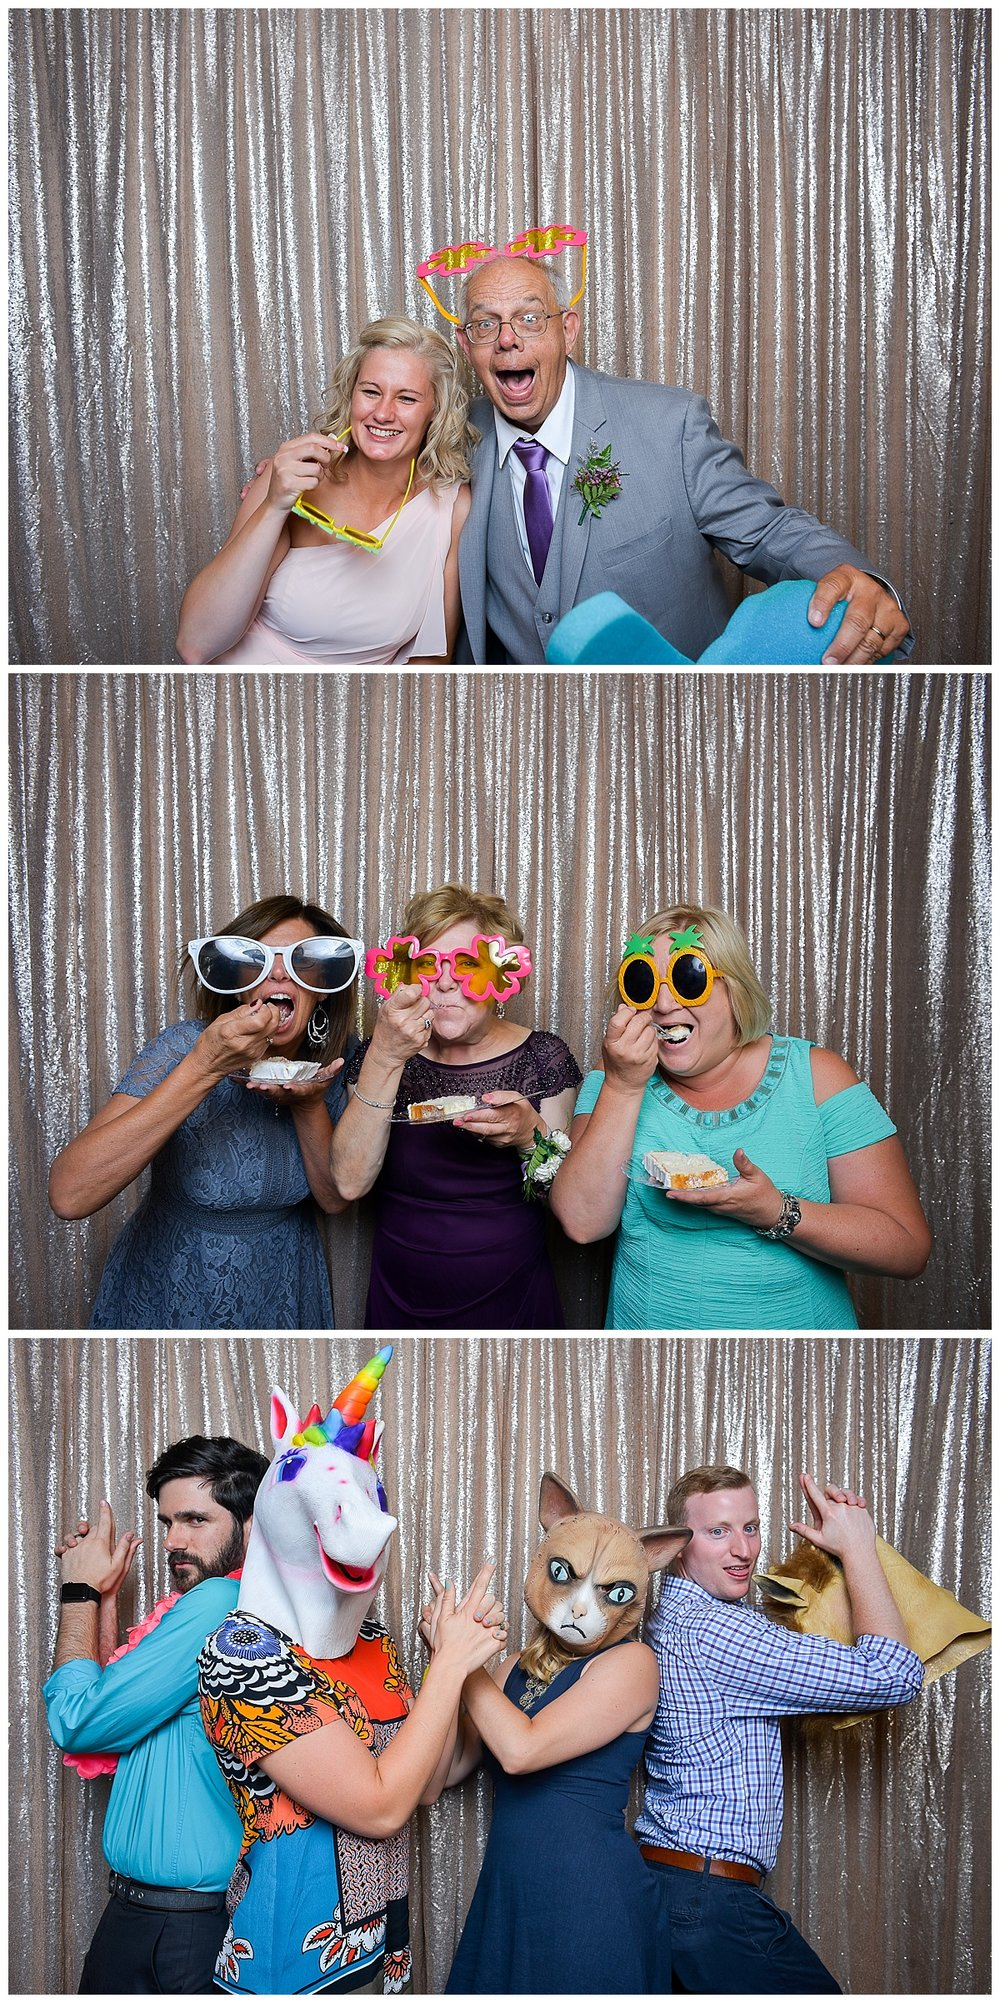 Brittney + Paul | Wedding Day | Aloha Booth | Wedding Day | Aloha Booth | Wedding Day | Aloha Booth
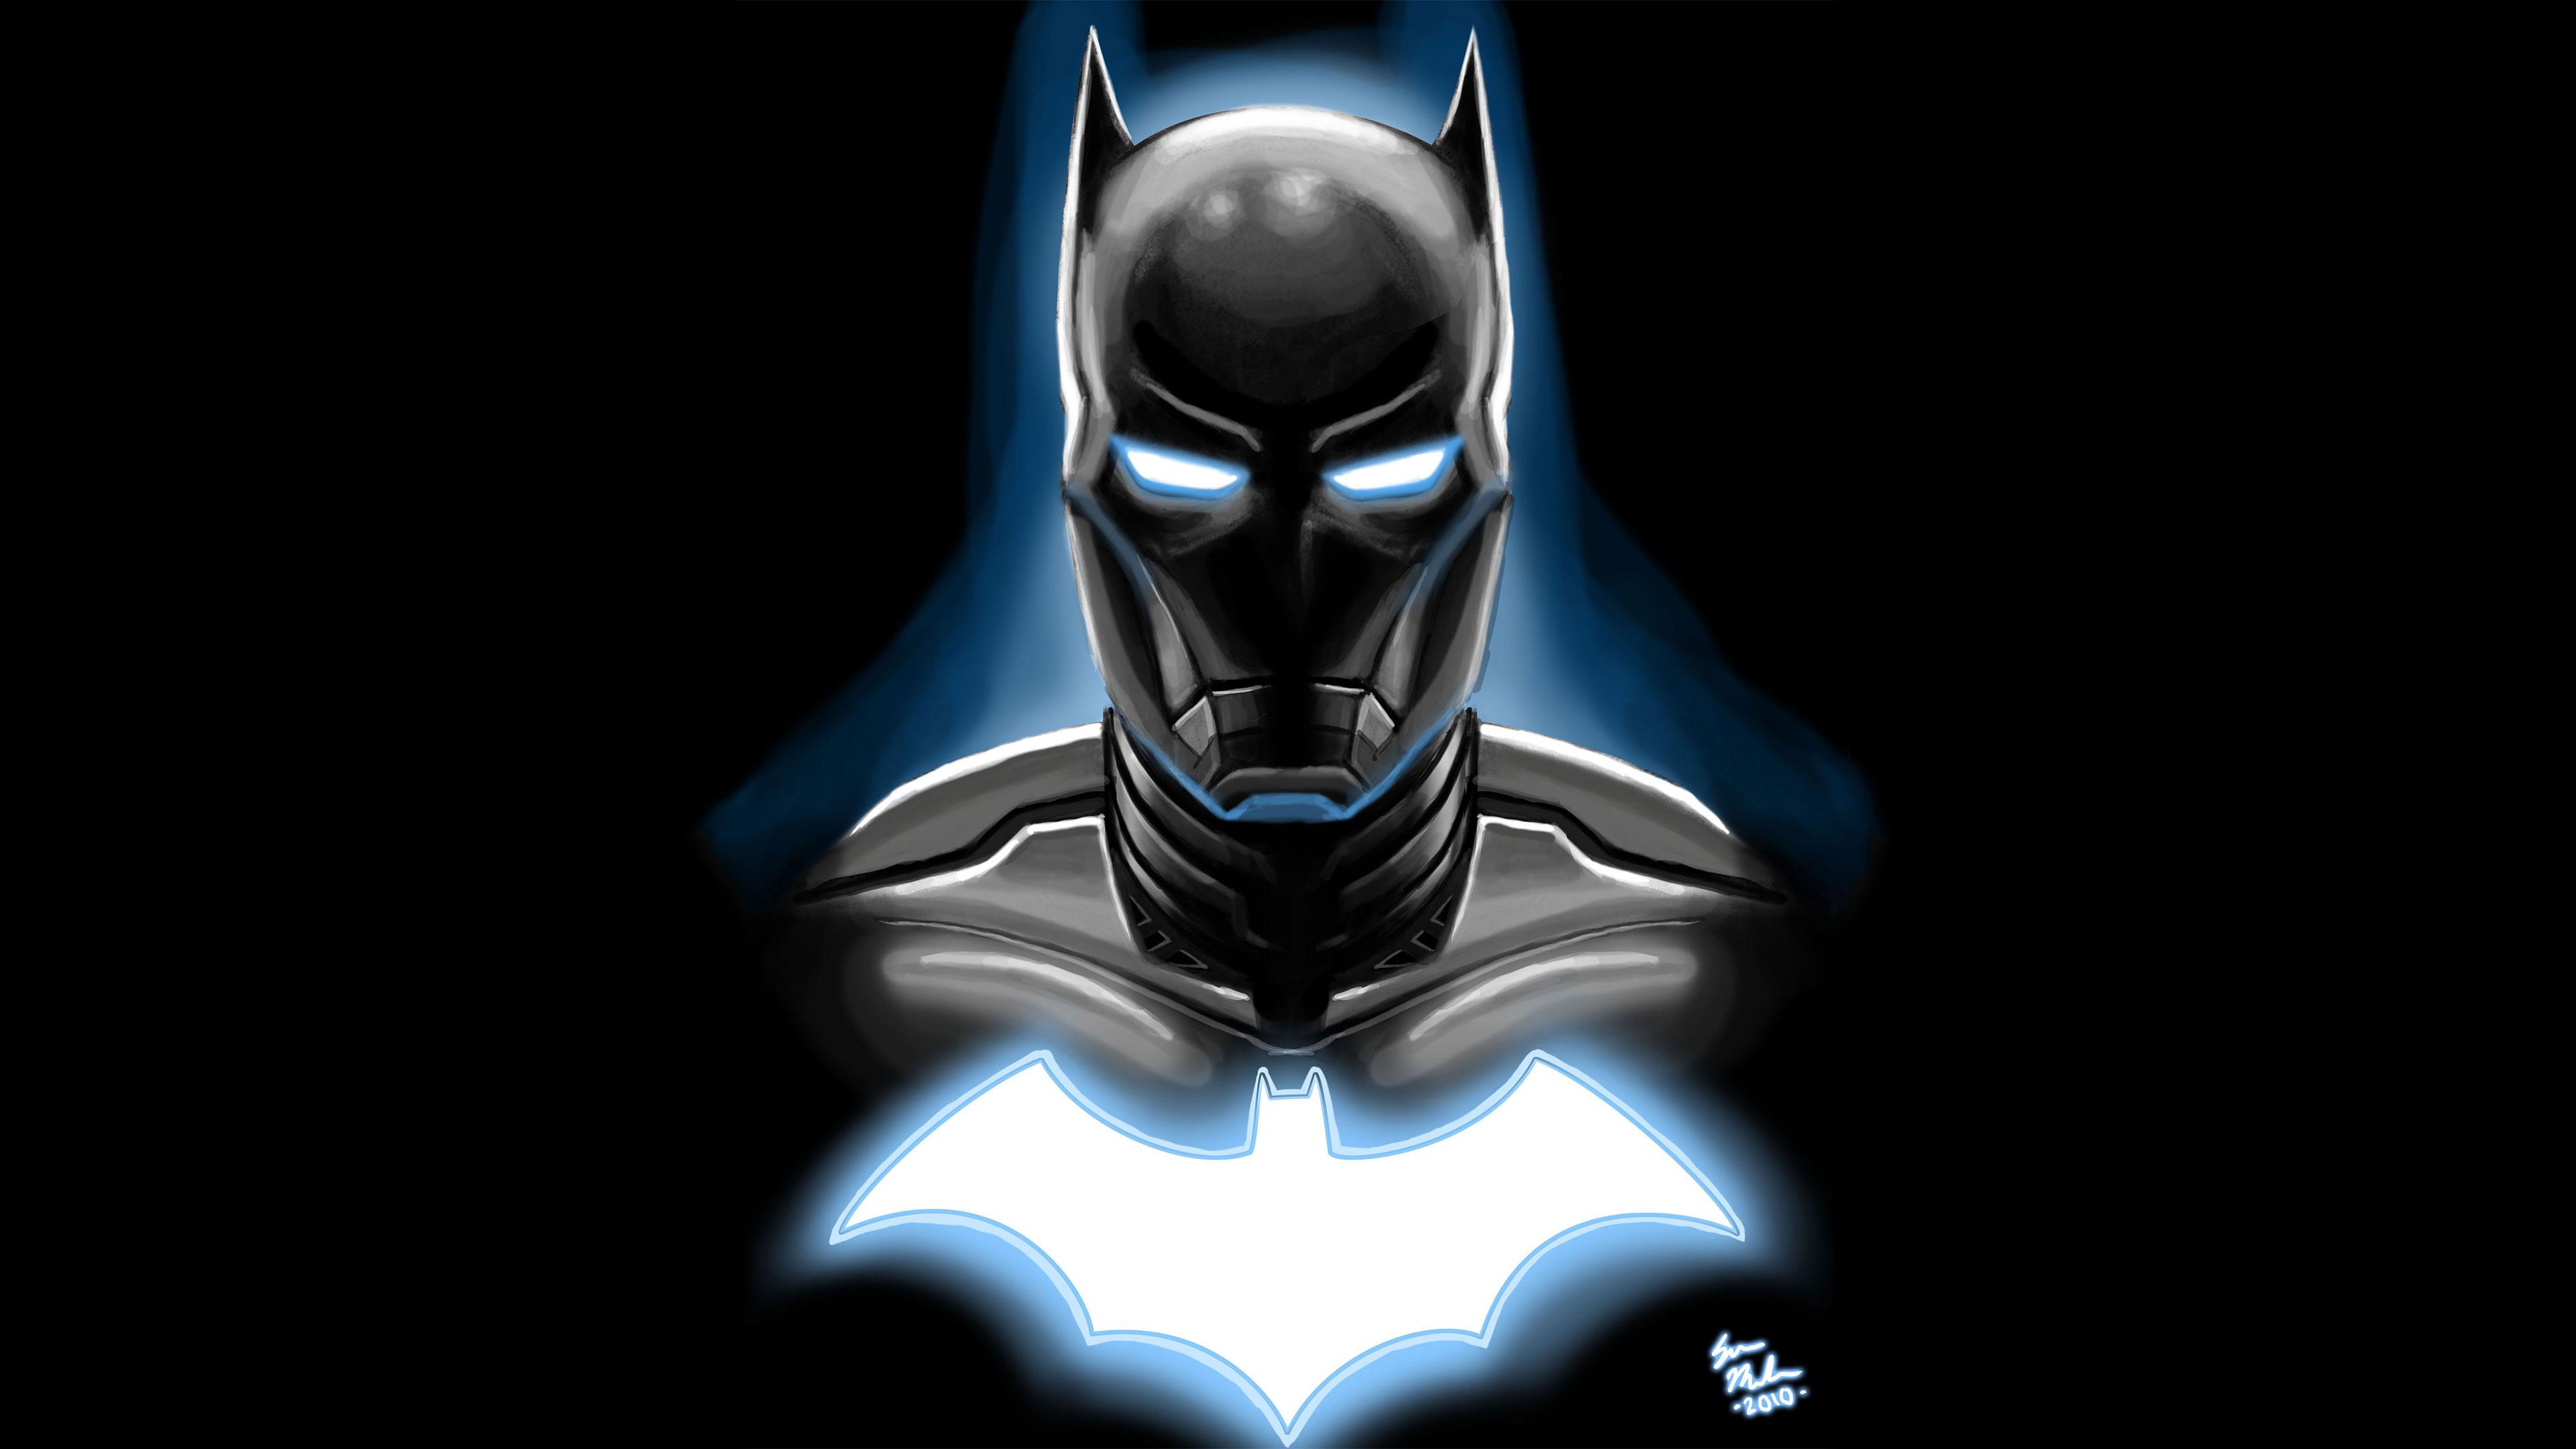 Iron Batman Artwork 4k, HD Superheroes, 4k Wallpapers ...
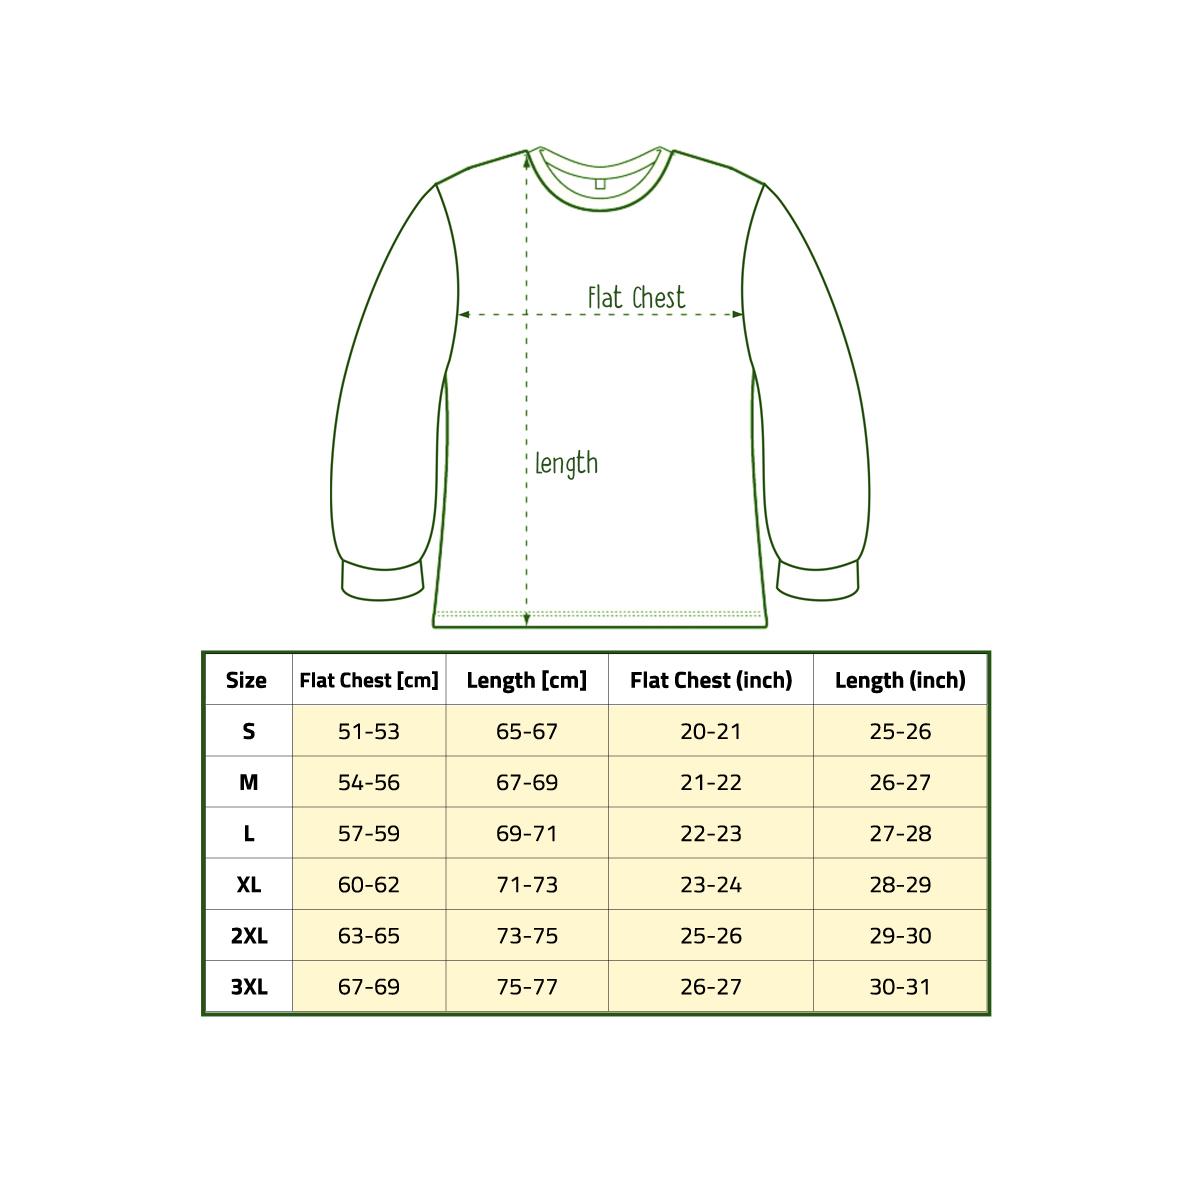 thumbnail 4 - Moonshine Midnight Runners Men Sweatshirt S-3XL New

*Work request*. Everything in the material above must be repeated exactly, apart from its pictures.

*Task output*.
 Brittney + Paul | Wedding Day | Aloha Booth | Wedding Day | Aloha Booth | Wedding Day | Aloha Booth
 Iron Batman Artwork 4k, HD Superheroes, 4k Wallpapers ...
 thumbnail 4 - Moonshine Midnight Runners Men Sweatshirt S-3XL New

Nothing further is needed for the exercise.